The paper "Unhealthy Organizational Culture of Enron" is a good eample of a management case study. It is about 15 years since the fall of Enron Corporation, a former American energy giant but the business community and scholars still continue to wonder as to what might have caused such a big and performing company to collapse and file for bankruptcy (Gini, 2004). Different arguments have emerged that attempts to explain how the former American energy giant was reduced from riches to rags. Some scholars and business analysts argue that Enron’ s record-breaking bankruptcy and its subsequent collapse was caused by unethical behaviors on the part of the leadership of the company as the leadership of the company were driven by greed (Gini, 2004).

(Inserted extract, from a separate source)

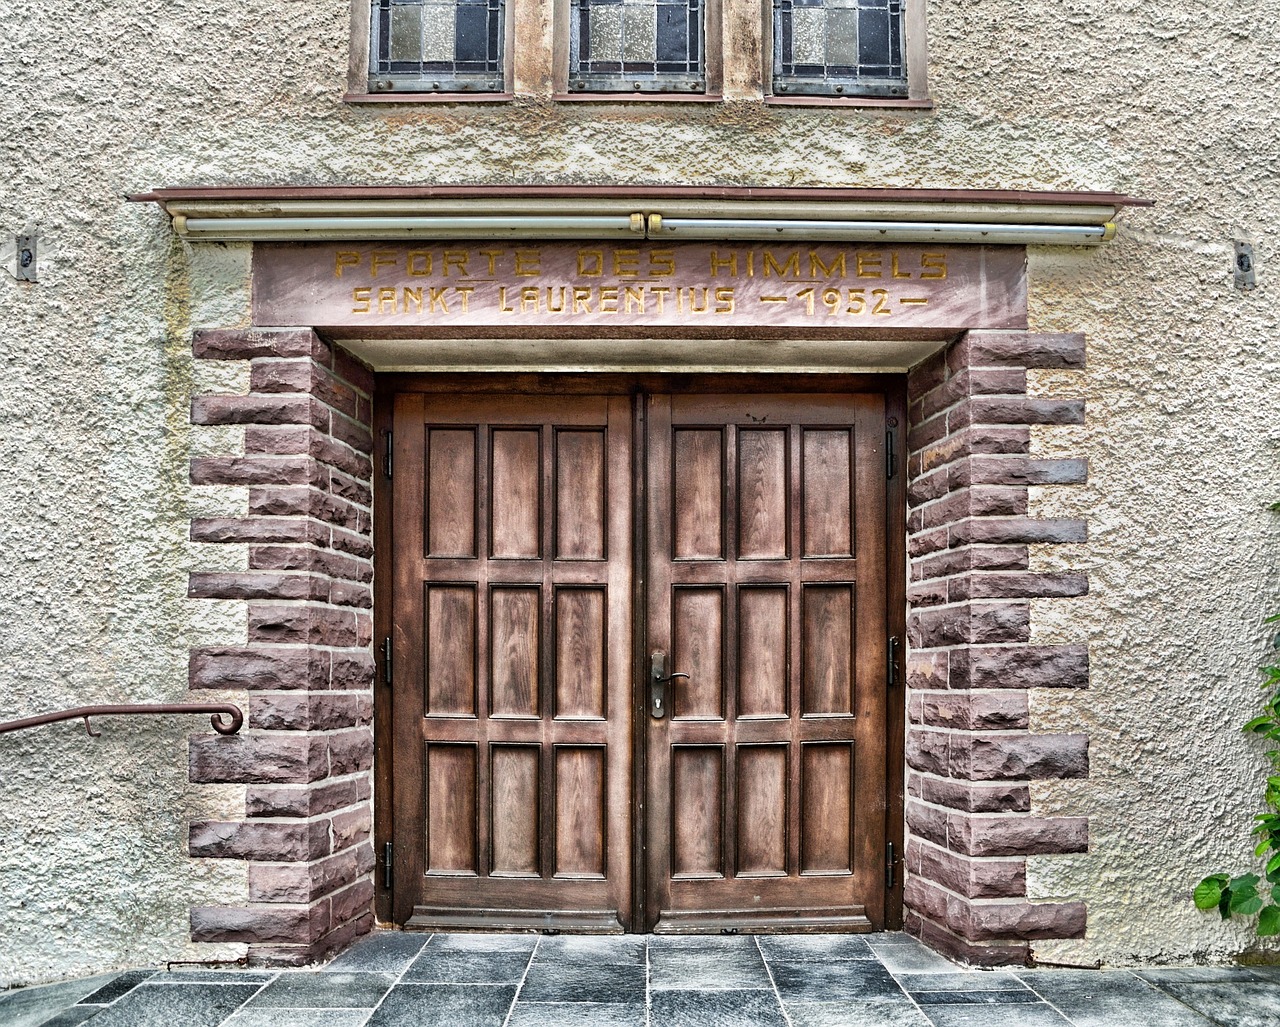 Using Windows and Doorways to Enhance Composition

Others, however, believe that the collapsed of Enron was the result of bad accounting practices, such as the mark-to-market accounting practices that were calculated to hide the huge financial debts that the company had accumulated. In some instances, business analysts point at a series of things that include the company’ s mismanagement of risk, adoption of bad organizational culture, coupled with overextension of capital resources as the major causes of Enron’ s downfall (Pojman, 2006). Despite these arguments, the story about the rise and the surprising fall of Enron remains a puzzle and continue to generate interests as people try to get to the root cause of the failure of this former energy giant.
This paper begins by providing a brief overview of the rise and fall of Enron as presented in the case study. It will proceed to identify what went wrong at the company based on ethical and leadership theories. The paper will then propose solutions to the problems identified in the case and make recommendations on the best solution to adopt and how the solution should be implemented. Brief Overview of the Rise and Fall of Enron Enron Corporation was an American energy company founded in 1986 when Houston Natural Gas and Internorth both of which were natural gas companies merged.
Although the company struggled in the initial years by posting a loss of $14 million, the company was quickly turned around to profit-making ways (Gini, 2004). In the 15 years that followed, Enron developed to become one of the largest companies in America has diversified its product portfolio to include natural gas, communication and electricity.
The good performance made Enron become the benchmark for most companies then. It was also one of the largest employers in America has employed about 22,000 people. Despite the many years of success, things were later to turn to the worse in 2001 when Enron was forced to file for bankruptcy (Gini, 2004). The filing for bankruptcy was triggered by the market loss in confidence following the move by the company to write down its assets and profits in the third quarter of 2001.
According to the case, the write-offs of assets and profits caused the loans that the company had sourced to finance its operations to become due for payment since the stock market collateral had collapsed that made it virtually impossible for Enron to continue borrowing more money to finance its operations. In this respect, Enron failed because of liquidity problems.